:: TRY IT ::
Restate each line below word for word, skipping every picture.

:: INFORMATION PROVIDED ::
· · · · · · ·
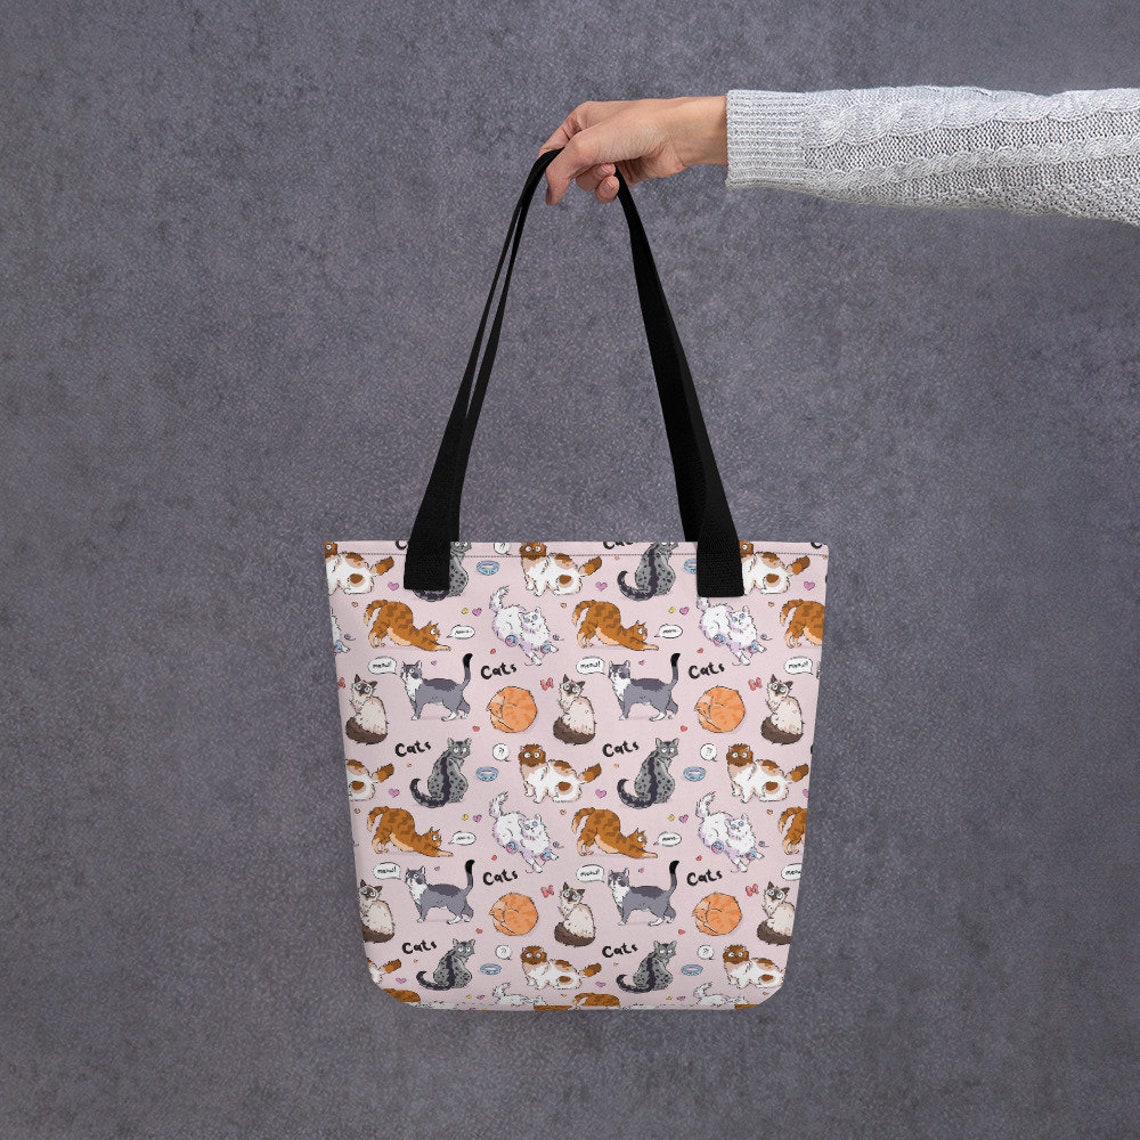 Cute Colorful Cartoon Cat printed Tote bag carry bag cat | Etsy
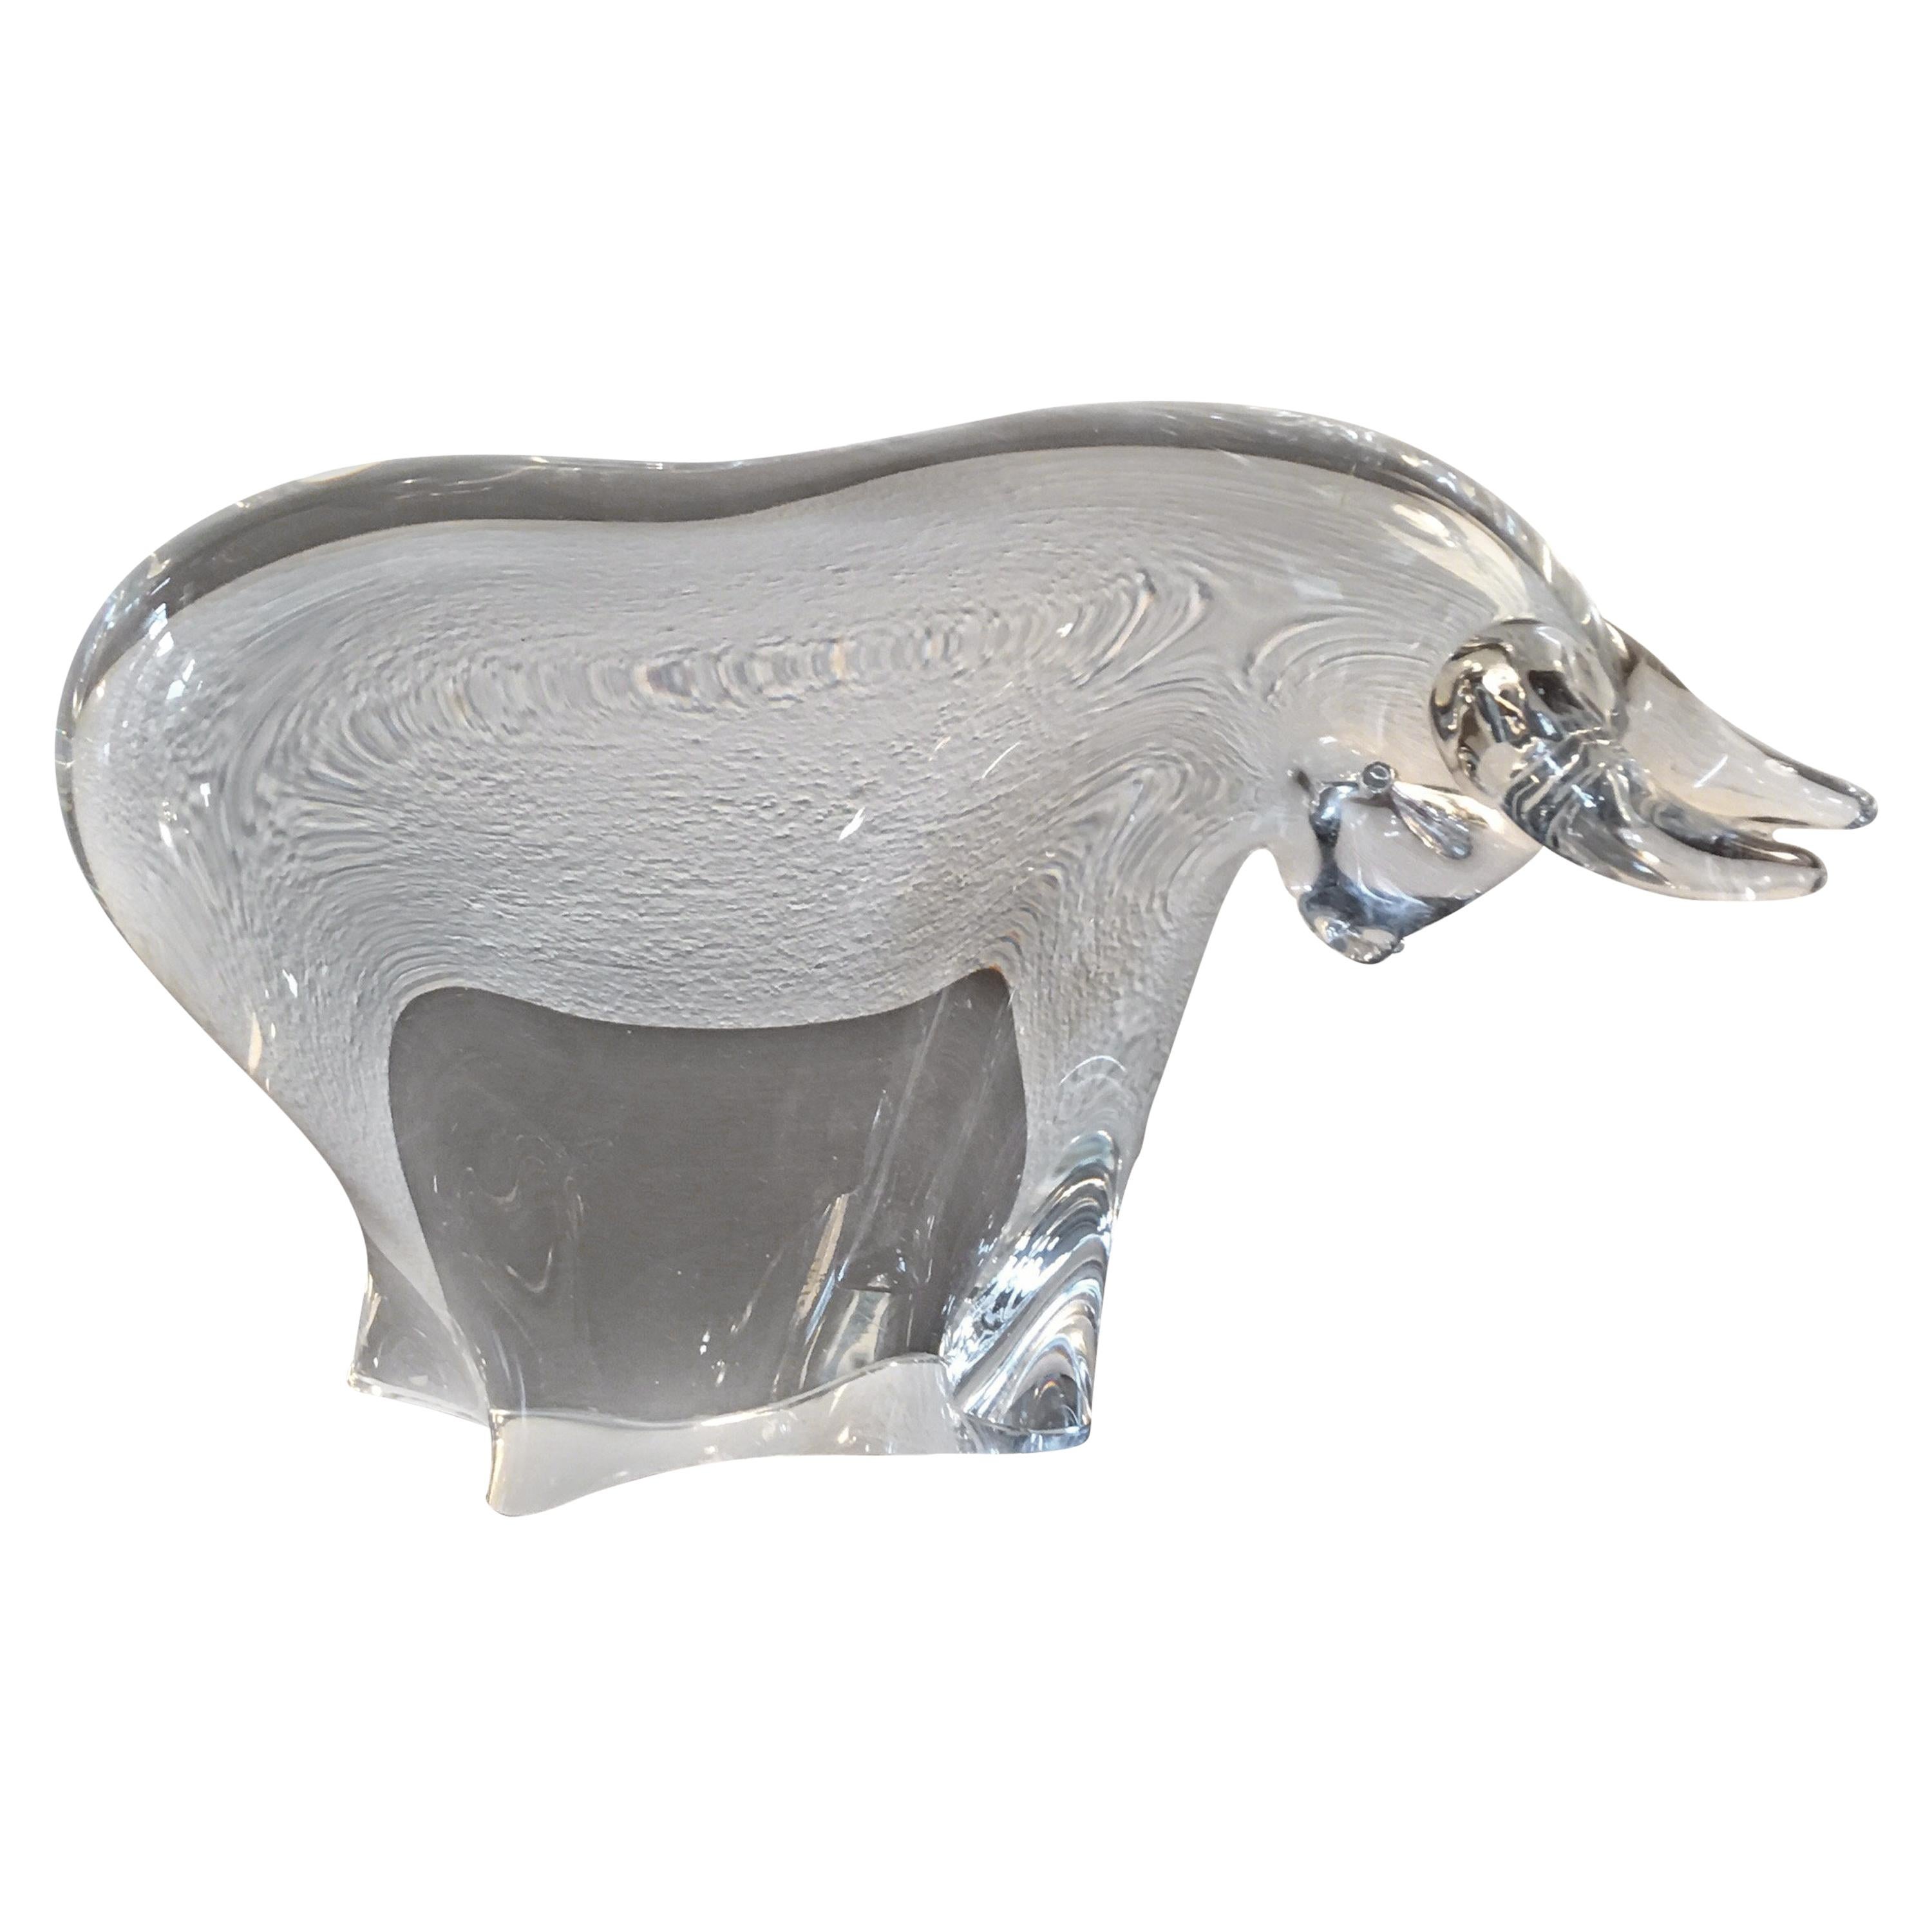 Konstglas Sweden Art Glass Bull
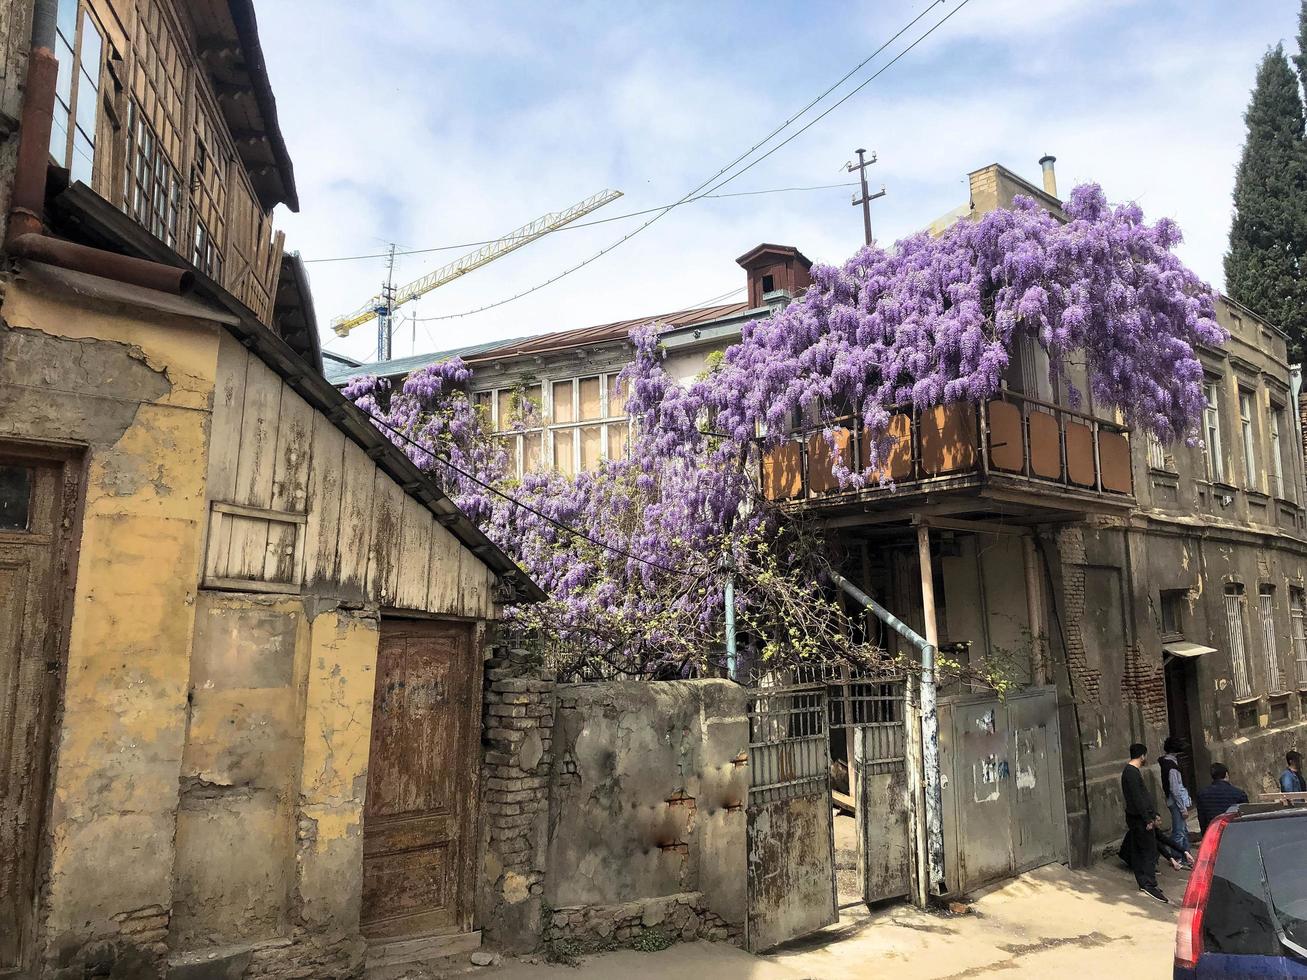 hermosa casa marrón antigua de tres pisos, barrios marginales entrelazados con arbustos de lila púrpura en la antigua zona urbana foto
· · · · · · ·
:: OUTPUT BELOW ::
 Cute Colorful Cartoon Cat printed Tote bag carry bag cat | Etsy
 Konstglas Sweden Art Glass Bull
 hermosa casa marrón antigua de tres pisos, barrios marginales entrelazados con arbustos de lila púrpura en la antigua zona urbana foto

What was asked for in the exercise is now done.